Le gondole e i barconi: al Festival di Venezia un film sul dolore dei profughi

Le “pagine dello spettacolo” non sono mai le pagine del nulla. Offrono sempre racconti che, a volte inaspettatamente, suscitano domande sul senso o sul non-senso di un’opera d’arte cinematografica, musicale, teatrale.
In questi giorni è stato il 74° Festival del cinema di Venezia a farla da padrone con l’accompagnamento pubblicitario di una gondola che scivola sotto il ponte verso un mare calmo, forse troppo.
Il “red carpet” ha assistito al passaggio di attori, attrici e registi che spesso hanno comunicato con il linguaggio filmico le attese, le angosce, le speranze, i sogni, la storia, le sofferenze, le gioie, la stupidità e la cattiveria dell’uomo.

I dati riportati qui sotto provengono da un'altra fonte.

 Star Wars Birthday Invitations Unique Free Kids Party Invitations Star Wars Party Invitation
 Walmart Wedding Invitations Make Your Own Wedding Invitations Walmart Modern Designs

Alcune opere hanno lasciato nella coscienza tracce indelebili.
Tra queste c’è un cortometraggio, non l’unico del genere, presentato al 74° Festival che ha come protagonisti Youssef, Lamine, Seedy, Mohamed, Sarda con il gruppo di lavoro ConMoi.
Per il Moi (il vecchio Mercato Ortofrutticolo all’Ingrosso) diventato Villaggio per gli atleti delle Olimpiadi 2006 di Torino, è oggi in fase finale la decisione di sgombero di 400 persone.
Il loro futuro (che anche la diocesi di Torino ha a cuore) diventa un interrogativo nel film-documentario “Joy” di Daniele Gaglianone proposto a Venezia.
Scrive il regista – dopo aver ricordato che le palazzine ex Moi “loro le hanno occupate dopo 5 o 6 anni e in un certo senso hanno riempito il vuoto lasciato dalle istituzioni” – che “Youssef tutte le mattine si alza alle 5 per andare a fare il saldatore a Pinerolo… Lamine, che viene da un mondo lontanissimo, dei nomadi del deserto, qui sta cercando di costruirsi una vita attraverso lo studio, un’idea di futuro, che è anche il futuro del Paese che la ospita”.
Daniele Gaglianone, per raccontarla, non è entrato nella vita dell’ex Moi come “fanno i giornalisti d’assalto senza trovare un accordo con le persone che ci vivono” così che queste “si sentono aggredite”.
Un particolare da non dimenticare quando in video appaiono le immagini di bruschi respingimenti delle telecamere da parte degli immigrati.
Non si tratta di giustificare un gesto ma di capirlo, perché non si ripeta.
Il regista contesta quel giornalismo che Ryszard Kapuscinski definisce “cinico” e mette in guardia quell’opinione pubblica che, rinunciando alla fatica della critica, è pronta non a caso a considerarlo attendibile, se non esemplare.
Non ci sono più barconi che affondano, c’è una gondola leggera che di notte scivola sull’acqua.
Ci sono meno sbarchi sulle coste italiane, e questo è bene. Ma il silenzio di una gondola può zittire la coscienza di fronte a una tragedia che continua altrove? La domanda, al Festival di Venezia, viene anche da “Joy”.